> RECORD SET:
[Start of Attachment]

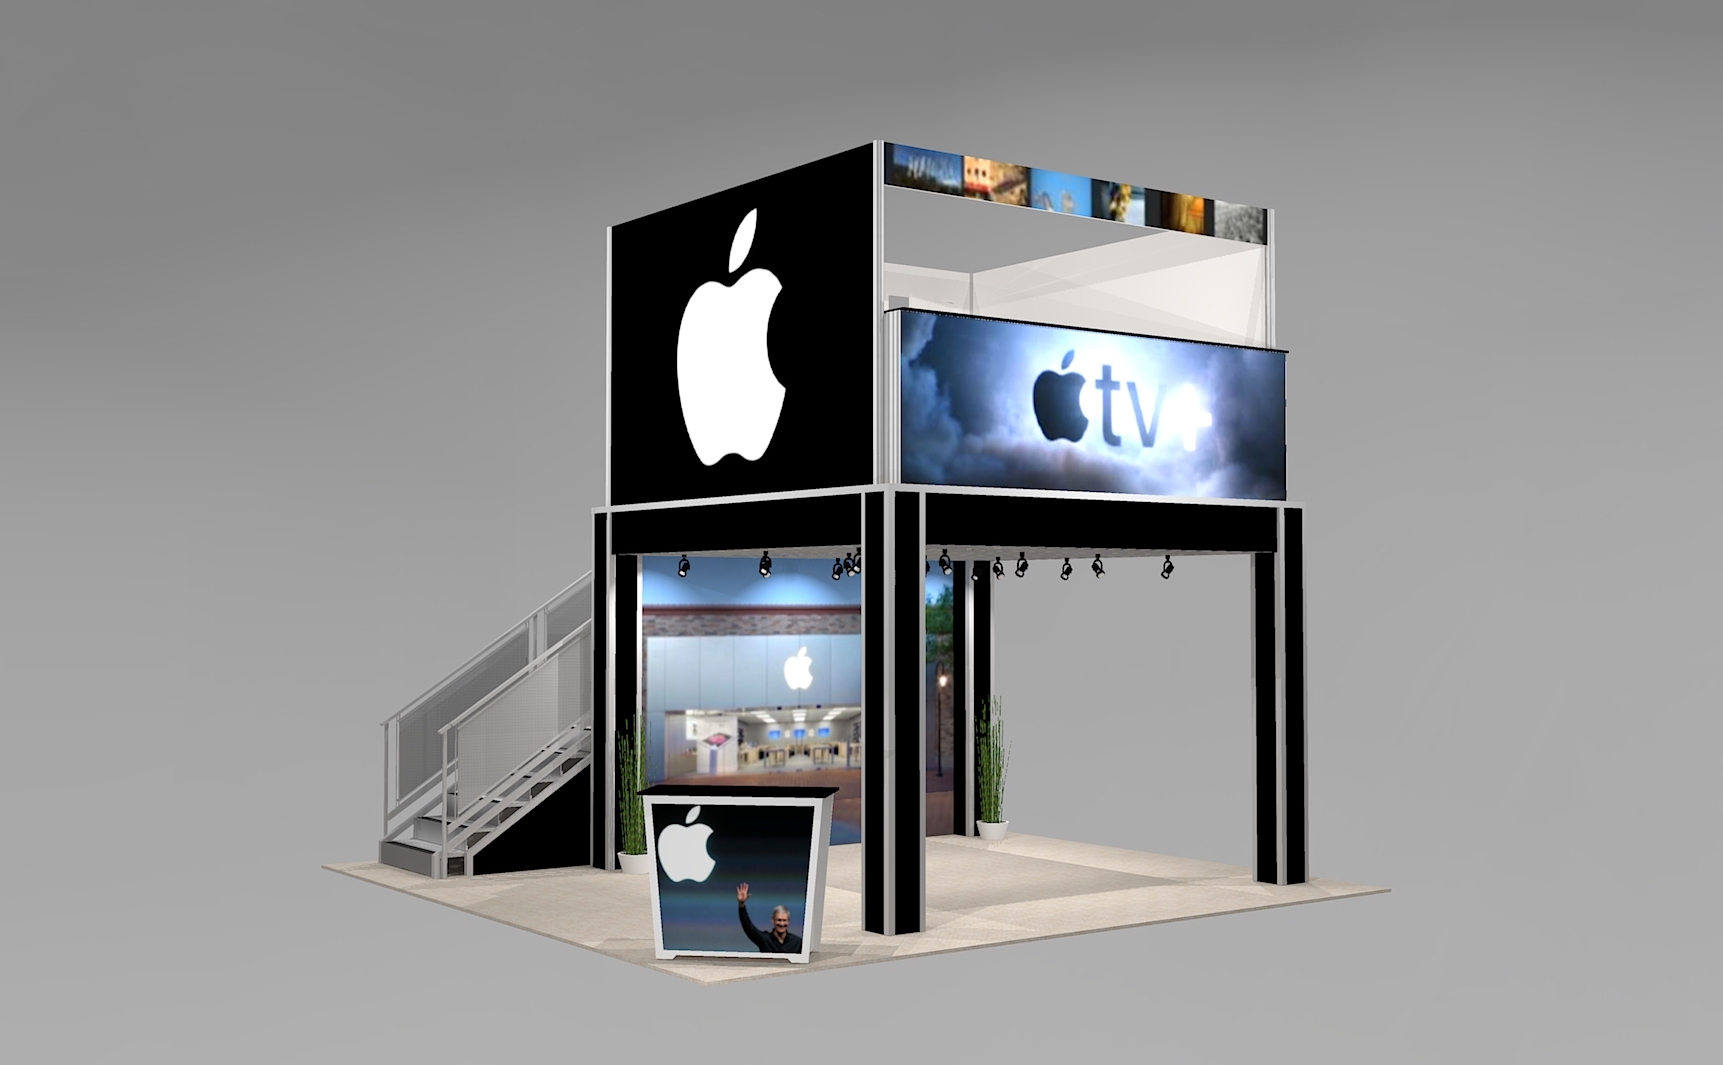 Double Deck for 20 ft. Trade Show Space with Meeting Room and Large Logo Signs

[End of Attachment]
[Start of Attachment]

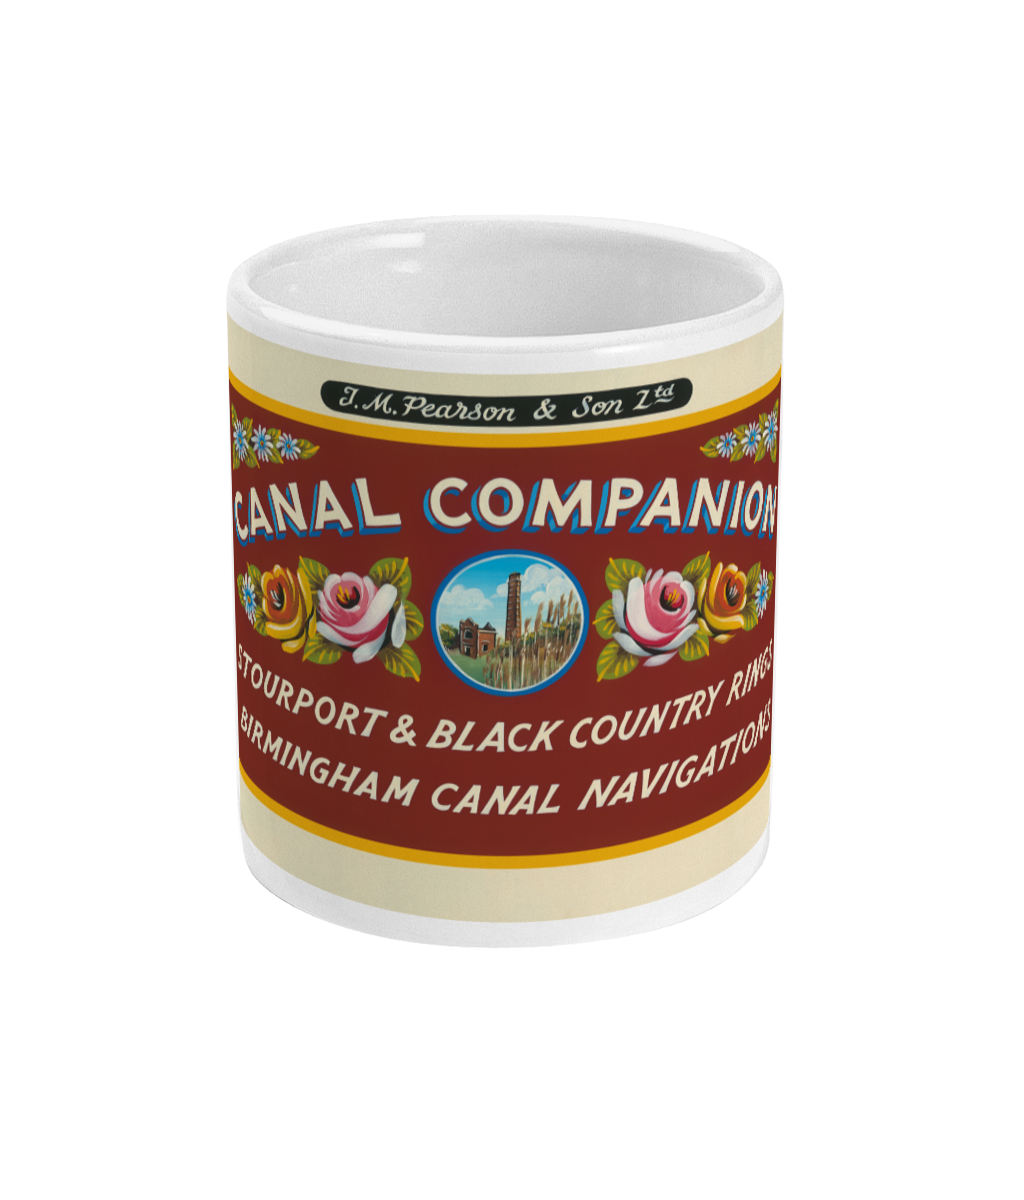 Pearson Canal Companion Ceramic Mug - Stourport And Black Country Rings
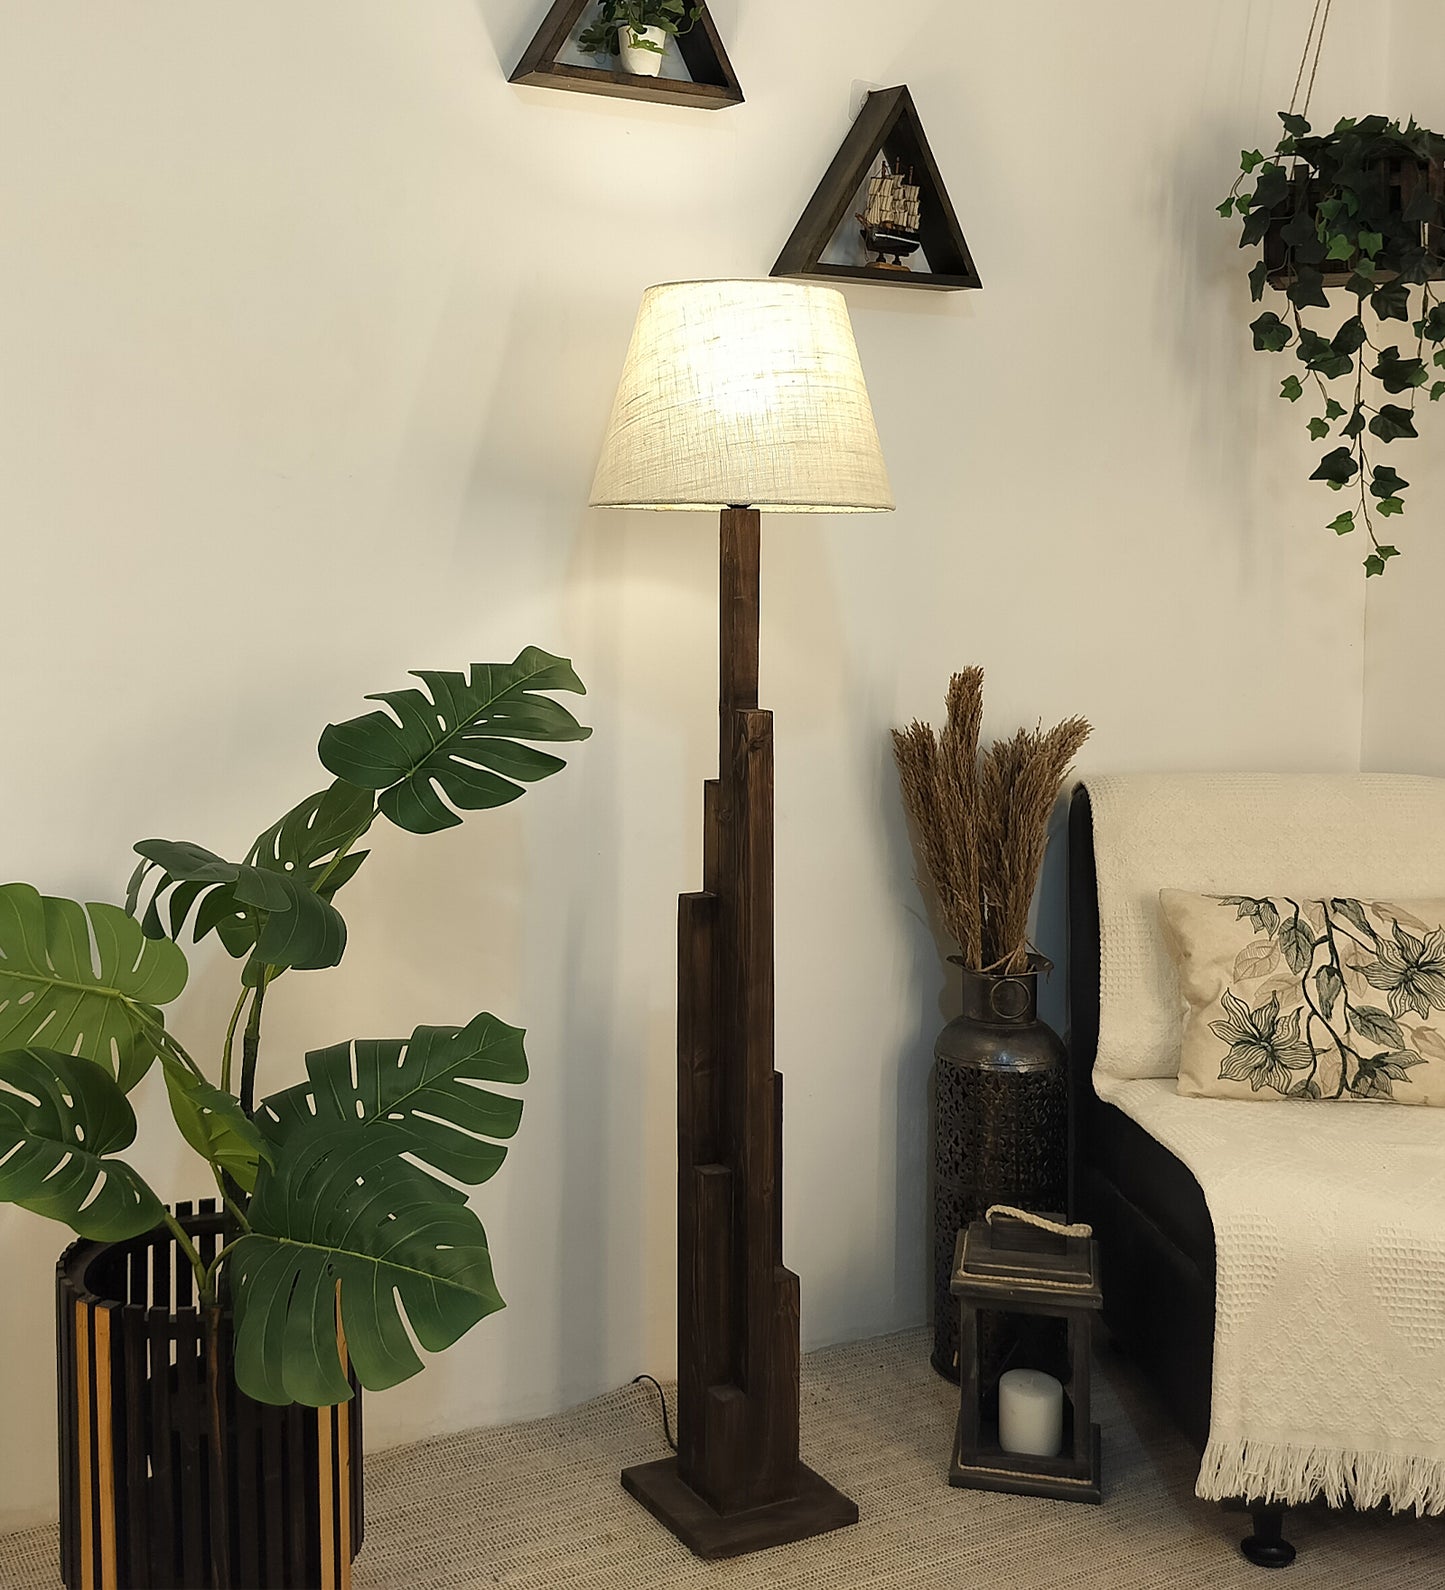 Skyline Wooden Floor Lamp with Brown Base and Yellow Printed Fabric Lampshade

[End of Attachment]

> INSTRUCTIONS TO FOLLOW: From the records above, copy only the lines running from the line holding "Pearson Canal Companion" through the line holding "Skyline Wooden Floor", with no pictures.

> EXERCISE RESULT:
 Pearson Canal Companion Ceramic Mug - Stourport And Black Country Rings
 Skyline Wooden Floor Lamp with Brown Base and Yellow Printed Fabric Lampshade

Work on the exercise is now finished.